How the Non-Disabled View the Disabled

Frank B. WithrowBy Frank B. Withrow

When I was four or five in the 1930s, my 20-year-old cousin came to Dallas and lived with us while he was looking for work. As a young man, he liked to play with me, tossing me in the air etc. I was fascinated since my father had a crippled leg and used a crutch and many of his friends used a wheelchair. When my cousin finally got a job, I cried bitter tears. I knew girls grew up and that I could see women still had two legs, but I got the idea that when men went to work their legs were broken or cut off. My mother assured me that my cousin would not lose his leg or legs because he had a job.

Paul Hubbard, a deaf player at Gallaudet University, invented the huddle in 1894.

When I became a teenager and learned some misconceptions about sex, teenaged bullies began to call me a bastard. My mother was an attractive woman, and they could not conceive of her having sex with my crippled father. They knew even less about sex than I did. I had read about the Monroe Doctrine of carrying a big stick and walking softly. I took a small baseball bat and threatened the biggest bully, which stopped me from being called a bastard and enhanced my reputation.

There is the myth that a deaf person can read the lips of people half a block away. Speech reading is difficult under any circumstances and requires good lighting. However, the football huddle was created when Harvard football players learned sign language to read plays from Gallaudet players. Before this happened players lined up and faced the quarterback and he spoke or signed the next plays. Gallaudet heard about Harvard’s learning sign language and developed the huddle to hide their football signal signs. Everyone else adopted the huddle.

Visitors to mathematics classes for the blind are always amazed that the blind students can do complex math problems in their heads and that their auditory memory is so excellent.

At one time society questioned whether disabled people should be allowed to have children and, if they did, to keep and raise them. In general disabled people often make excellent parents. They have the same sex drives and needs as the non-disabled. Just as able-bodied students need good sex education programs, so do disabled young people.

In the average family, parents are the buffer between society and the child. In the past, the normal child of handicapped parents might be the go between with the rest of society and the parents. We need to guide both parents and children in these circumstances. A sighted child may in part be the eyes for blind parents, and a hearing child may be the ears and voice for deaf parents. We must be careful to always maintain the parent role with the child. We see comparable issues with immigrant parents who do not learn the language of their new country while their children become, at early ages, very fluent in the new language.

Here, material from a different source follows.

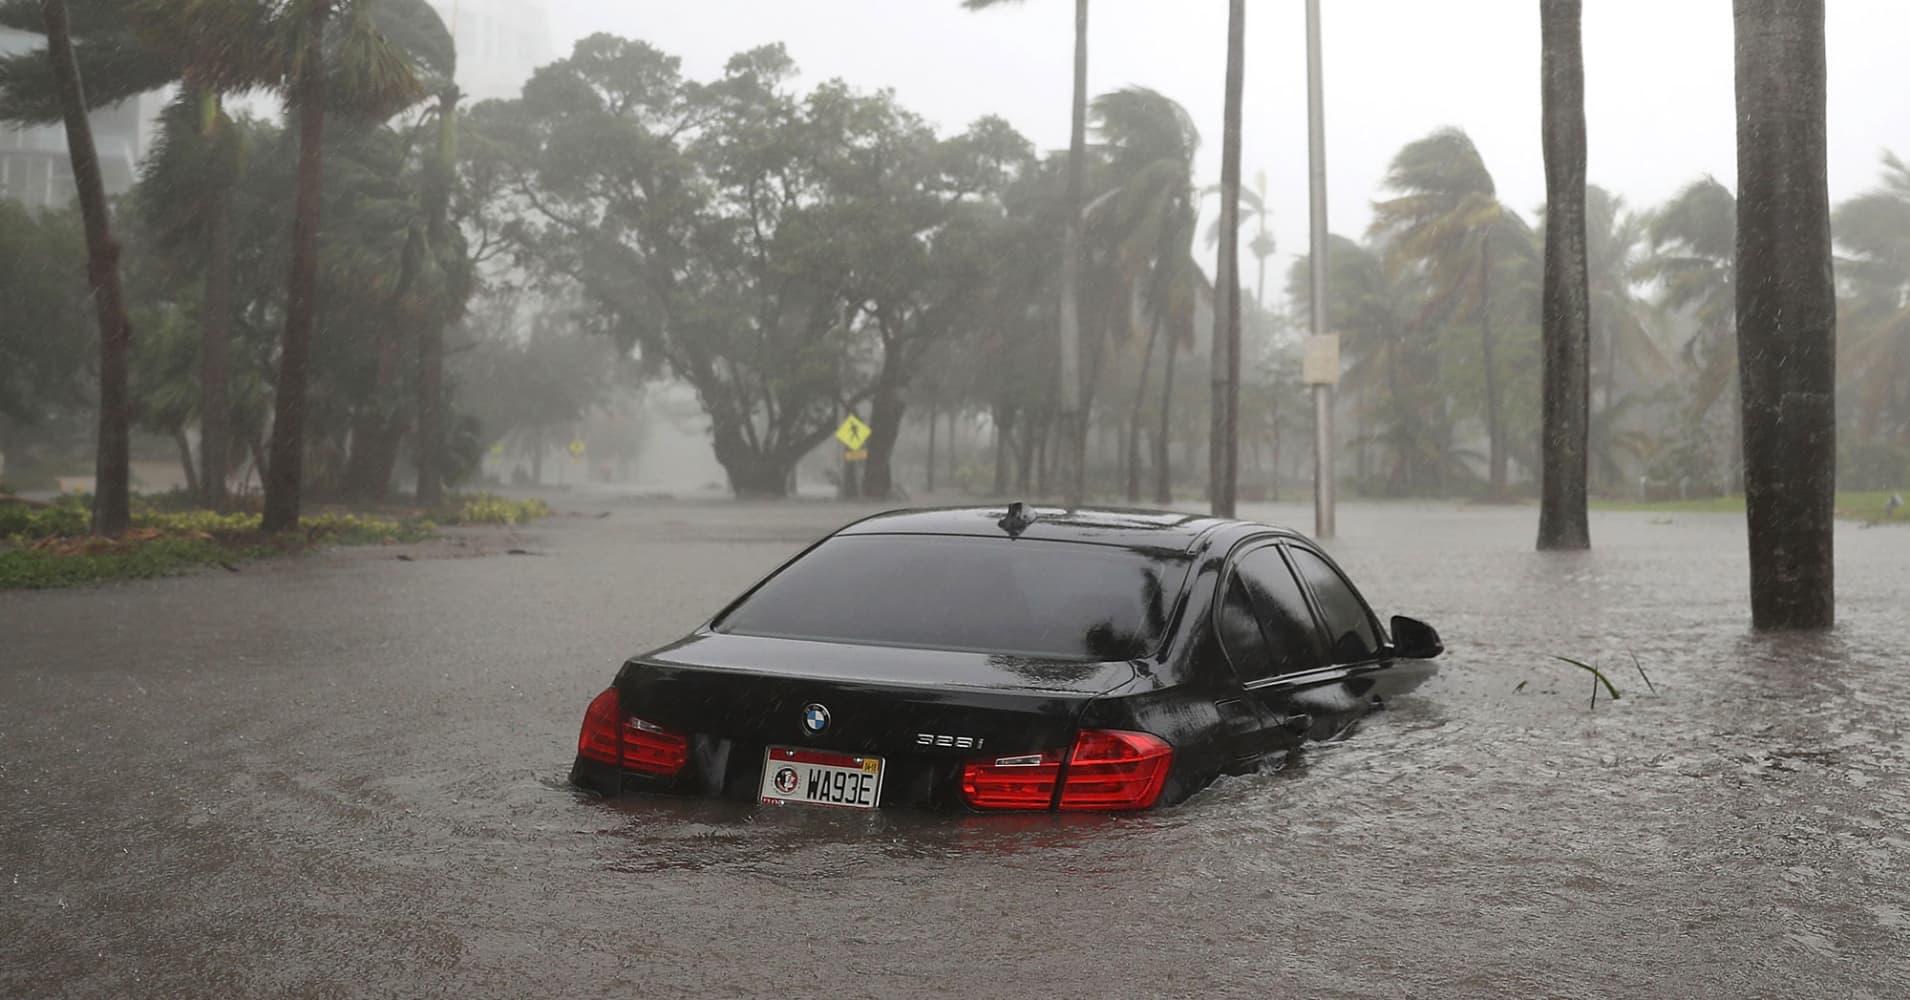 104730254-gettyimages-845353800-flood-car.1910x1000

When you make the effort to know a disabled person, you find they are just like you. They have the same dreams and ambitions. They often bring great insight into their jobs and families. The disabled person who dares to be great most often will become great. My father was an insurance company executive with a penthouse office  in the tallest building in town. A man with a comparable disability sold pencils on the skyscraper’s door step. When the man died, he left an unclaimed fortune. He lived alone in a river shanty and had no known relatives. He was a wise investor who took the small amount of money from selling pencils and invested it.

I often wondered why one man had a family and participated in life and the other became a recluse living alone in a shanty. As a teenager, I talked with the man and learned he was well read. He always read the daily paper. To say the least, I am pleased with my father;s choice.